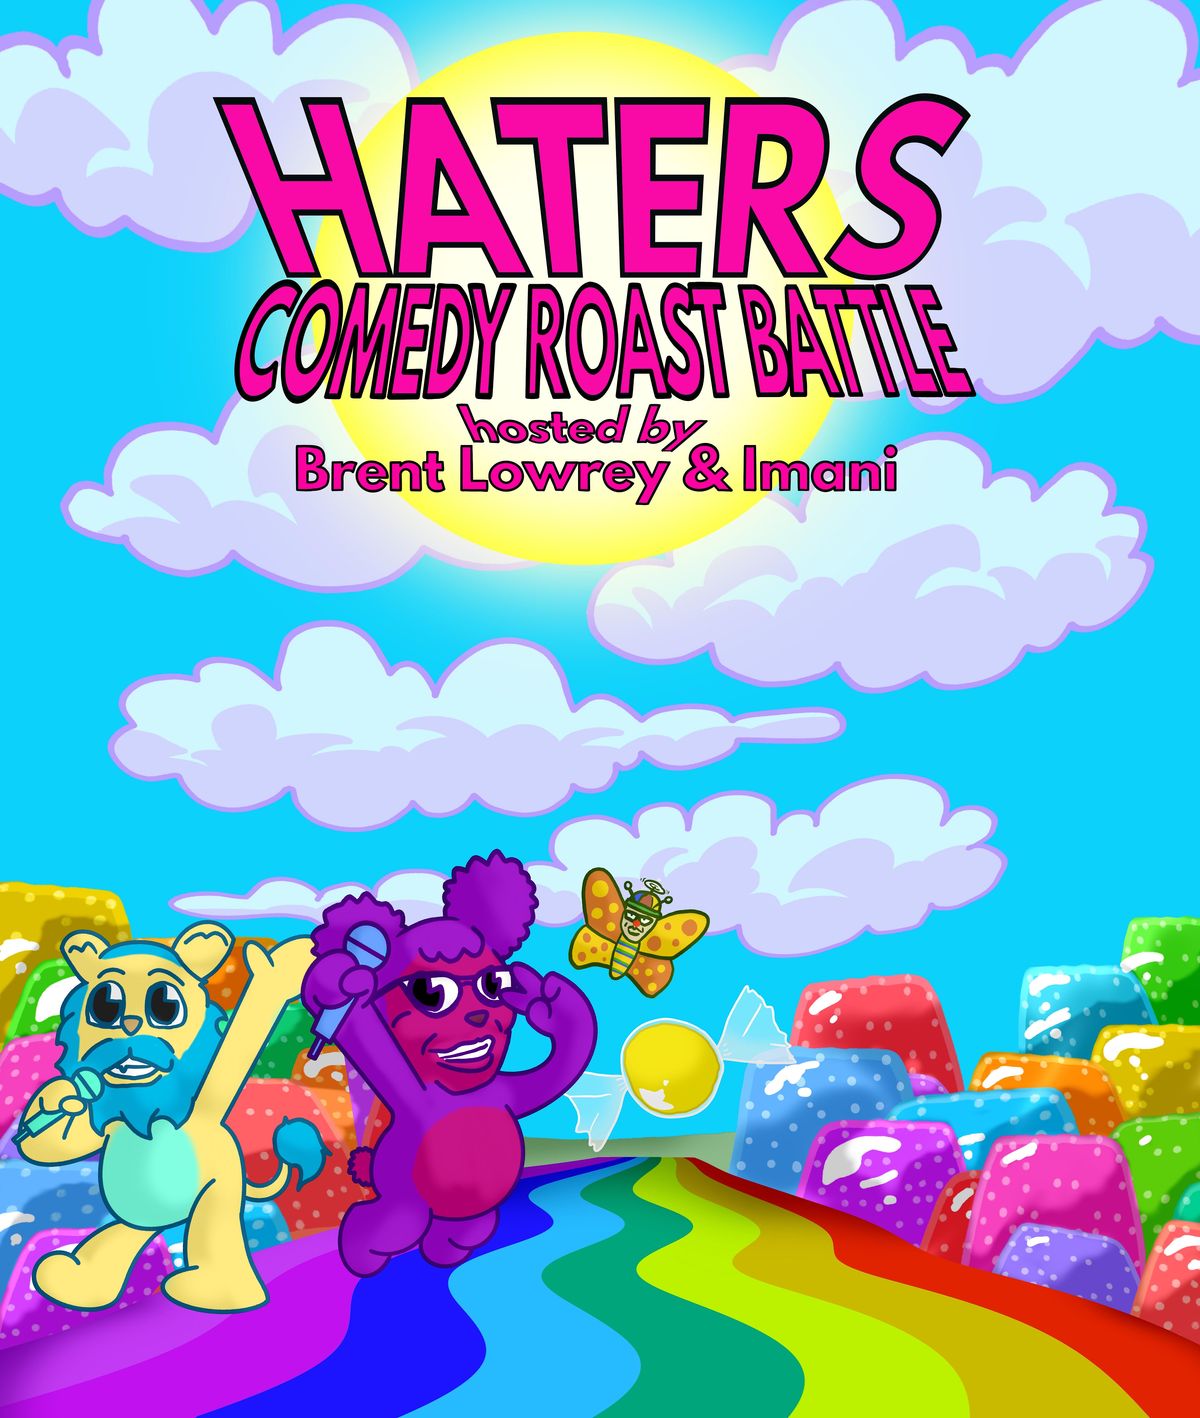 HATERS: Comedy Roast Battle
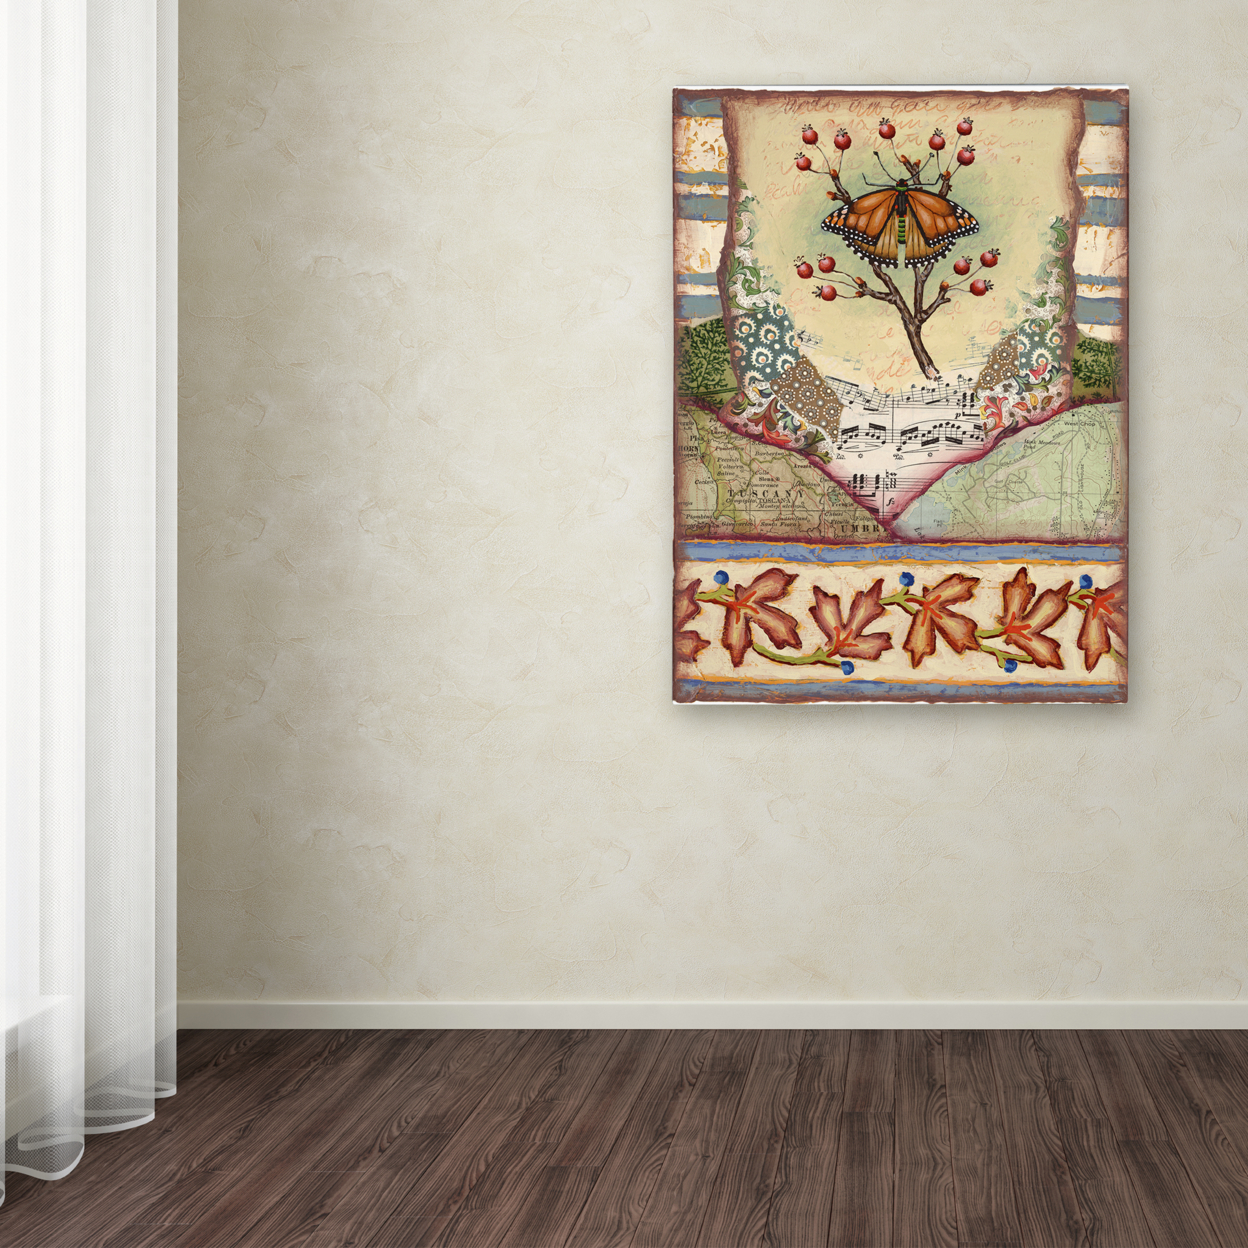 Rachel Paxton 'Mink Meadows Butterfly' Canvas Wall Art 35 X 47 Inches
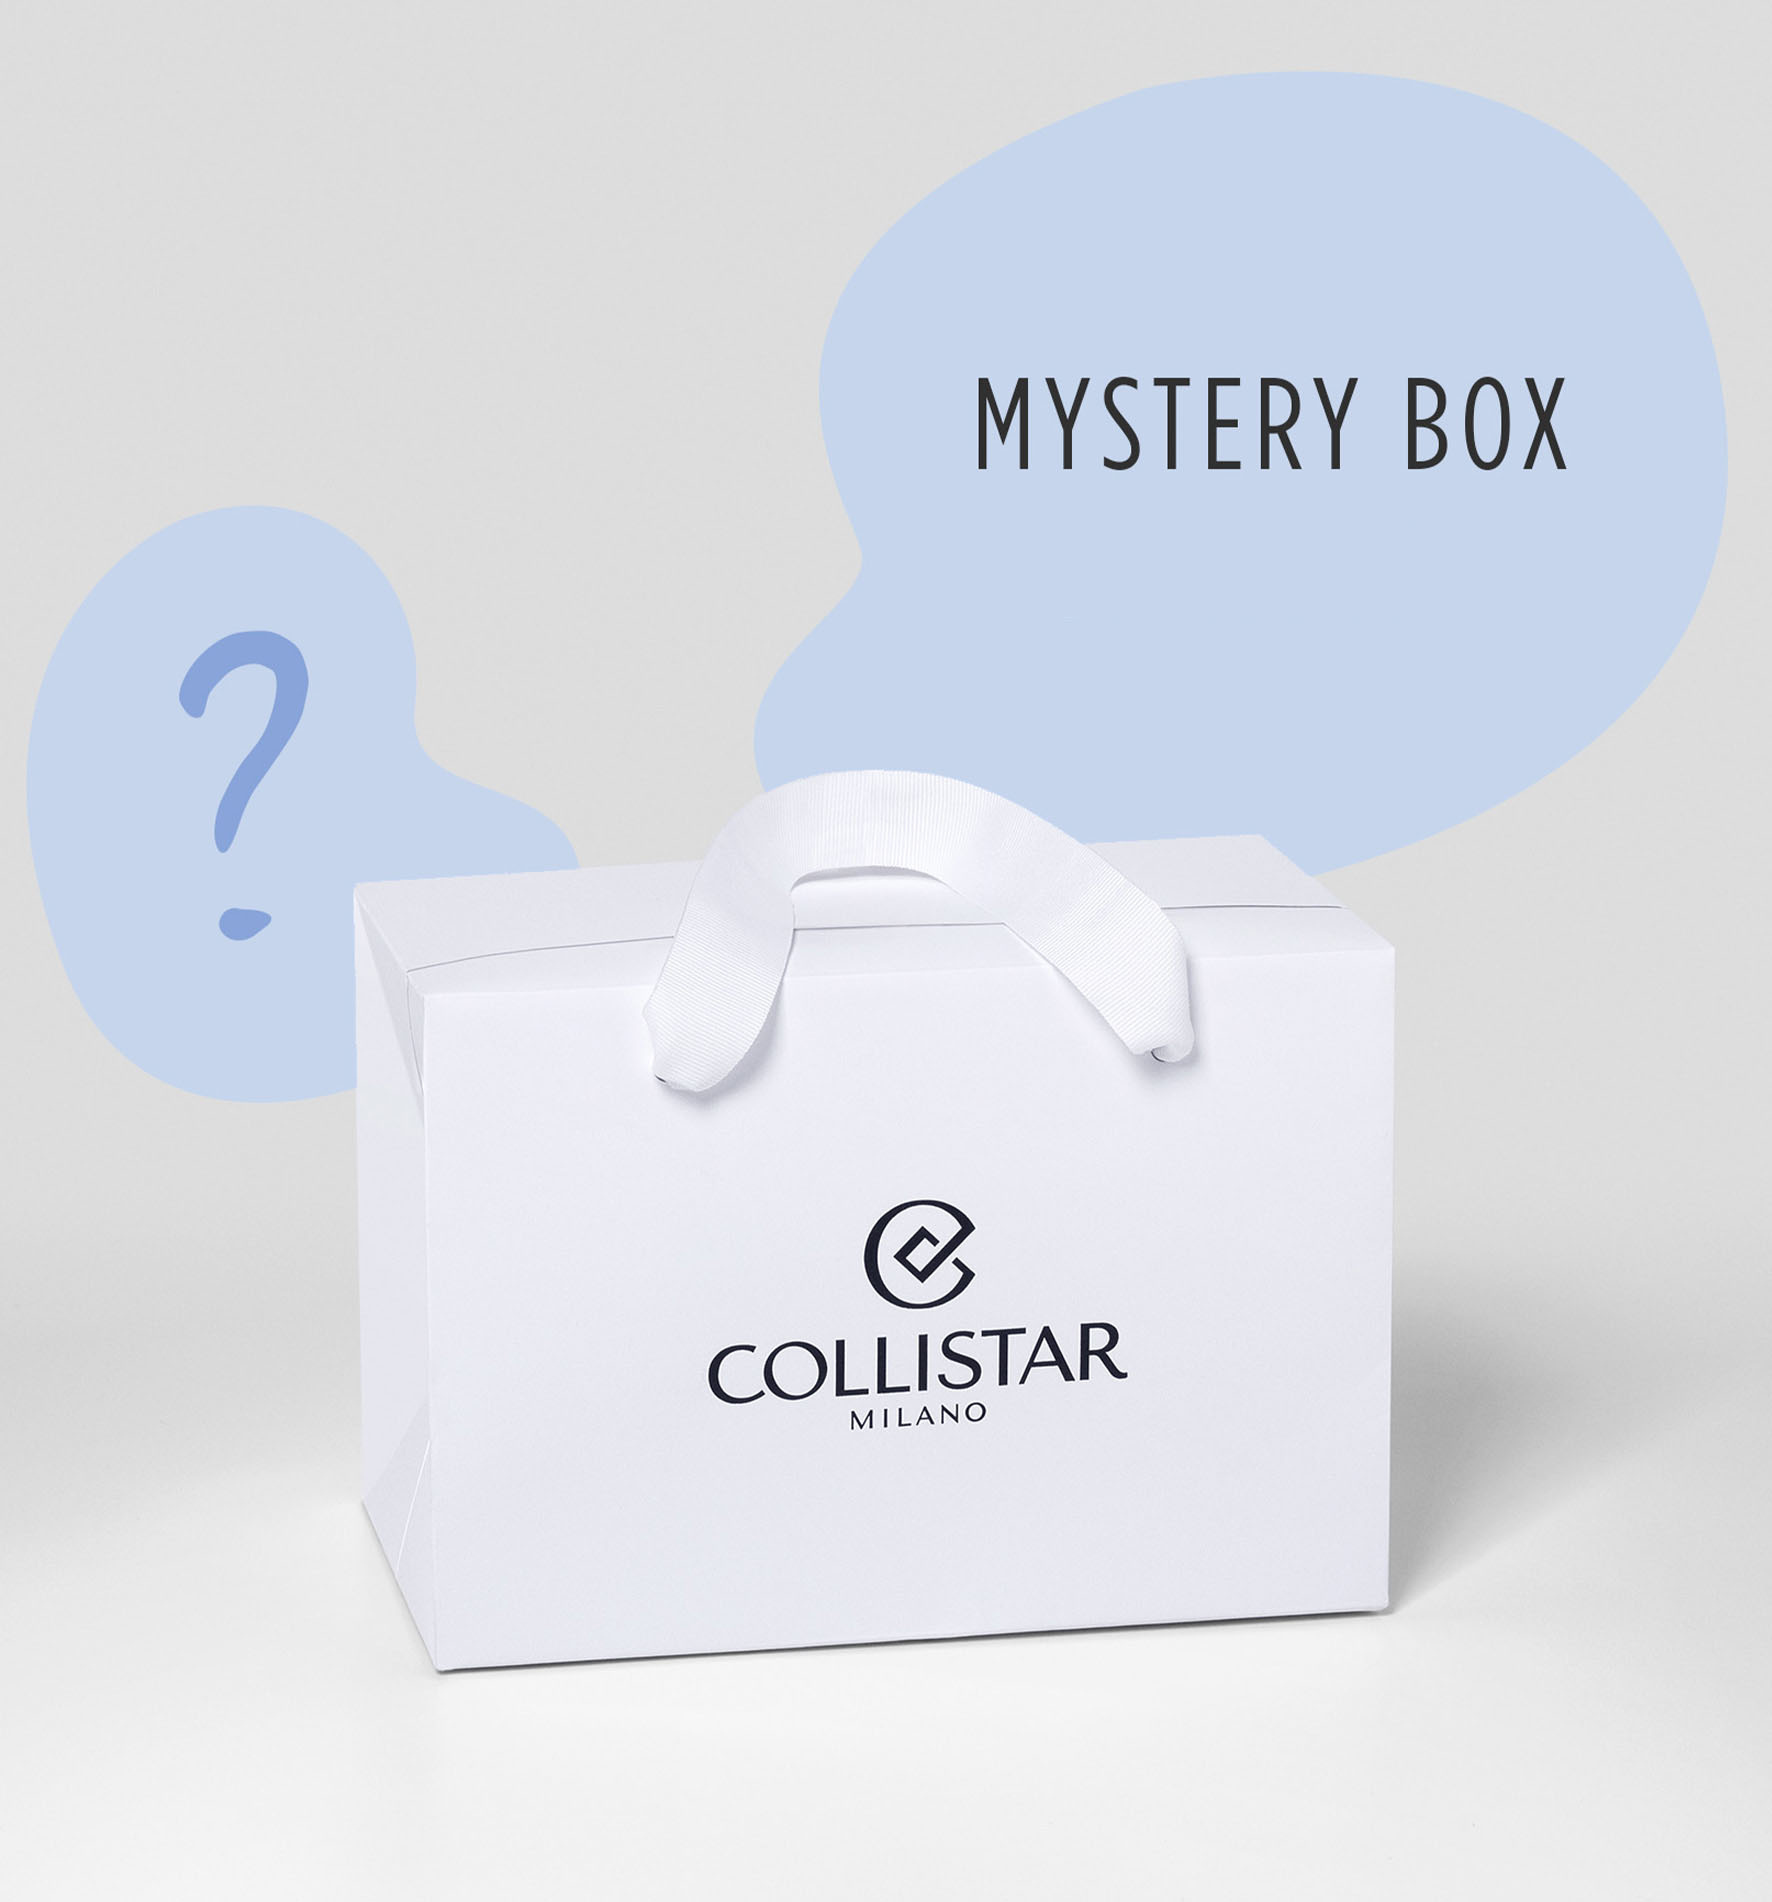 FACIAL MYSTERY BOX - Offerte Esclusive | Collistar - Shop Online Ufficiale

> [What is required] Your answer should copy the listing word for word, with no pictures in it.

> [Response area]
 HATERS: Comedy Roast Battle
 Rachel Paxton 'Mink Meadows Butterfly' Canvas Wall Art 35 X 47 Inches
 FACIAL MYSTERY BOX - Offerte Esclusive | Collistar - Shop Online Ufficiale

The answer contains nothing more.